Patience is key. It can take up to 45 minutes for your eyes to adjust to the dark for optimal viewing. The meteors can appear anywhere in the sky, but they look the brightest against the darkest sky, which is straight up.
Some meteors only have faint, quick streaks. Others are brighter and can appear to sail across our sky for several seconds, leaving a glowing smoke trail.
The best way to view the meteor shower is by sitting in a reclining lawn chair or lying on your back and looking up at the sky with a wide view. No special equipment is needed, but if you want the best view, it helps to be as far from artificial light as possible.
If you live in an urban area, you might want to take a drive to avoid city lights, which can make the meteor shower seem faint.

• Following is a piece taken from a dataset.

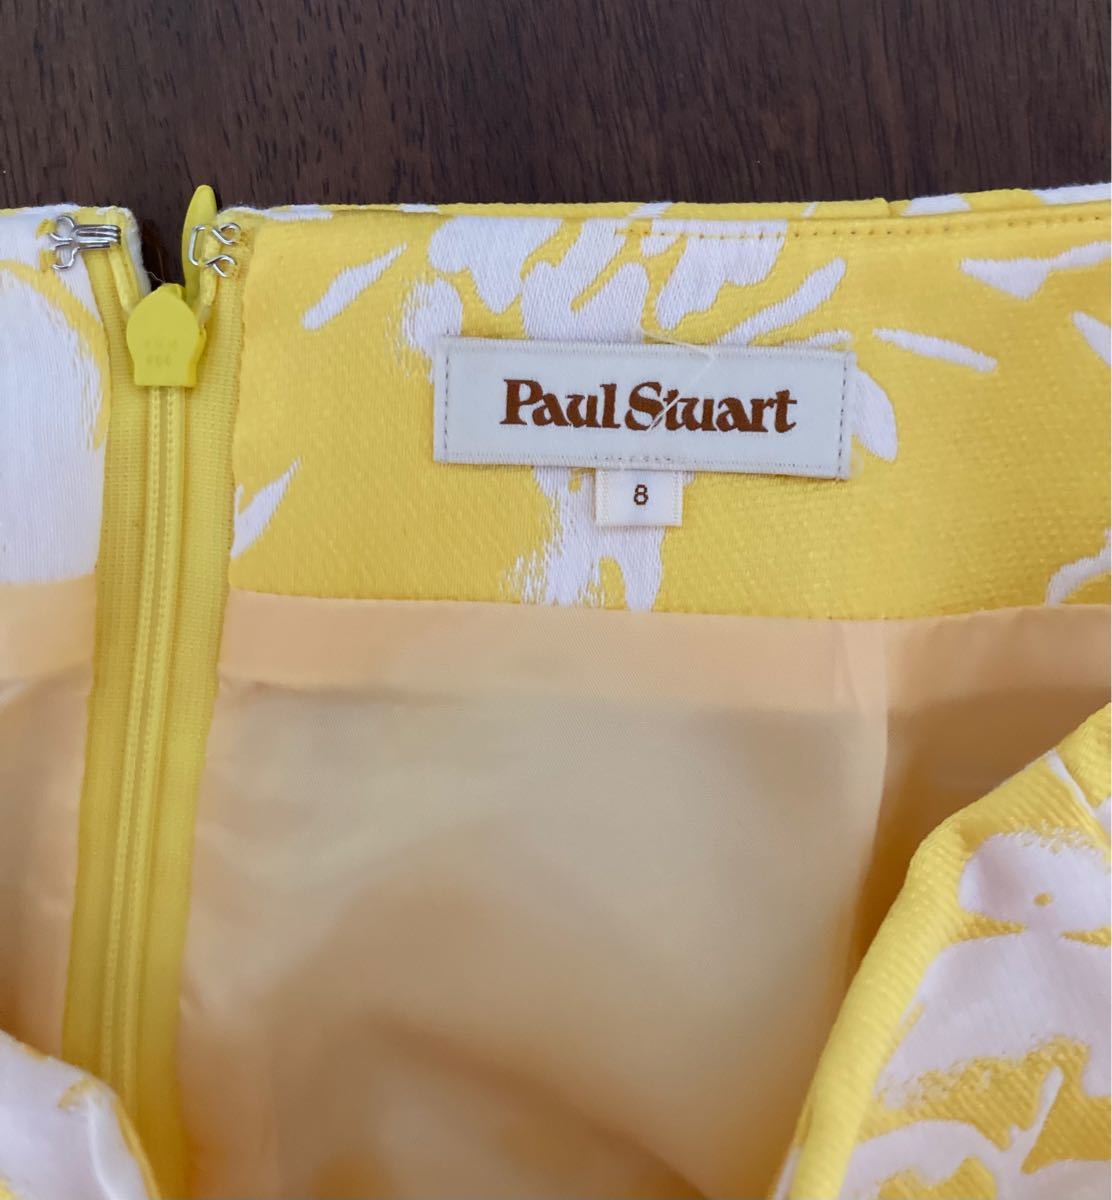 PAUL STUARTボックススカート 8号

Scientists from NASA also said that camping out in the country can triple the amount of visible meteors.
And don't forget to grab your camera before you head out. Meteor showers are a great opportunity for time-lapse videos and long-exposure photography, allowing your shots of the night sky to turn into van Gogh-like paintings of this starry spectacle.
Stargazers have been observing the Perseids for the past 2,000 years, according to NASA.
These eye-catching meteors are linked to the Comet Swift-Tuttle, which orbits the sun once every 133 years. That means that every August, the Earth passes through the comet's debris field.
The ice and dust, accumulating over a thousand years, burn up in our atmosphere to create the meteor shower. The Perseids showcase more bright meteors than any other annual meteor shower.
The meteors can be traced to the Perseus constellation, from which they get their name, which will climb in the northeastern sky as the evening passes. From our perspective, the meteors all seem to come from a single point called the "radiant," but that's because they are moving parallel to each other.
When the radiant is highest in the sky, we'll see the most meteors. But Earthgrazer meteors, which skim Earth's atmosphere and showcase long, blazing tails, are visible earlier in the evening when the radiant is low above the horizon.
The meteors themselves are traveling at 132,000 miles per hour, which creates vivid streaks of light. These tiny stones can reach between 3,000 and 10,000 degrees Fahrenheit during this shower.
The meteor shower is also visible on August 10 and August 13 as well, according to the American Meteor Society.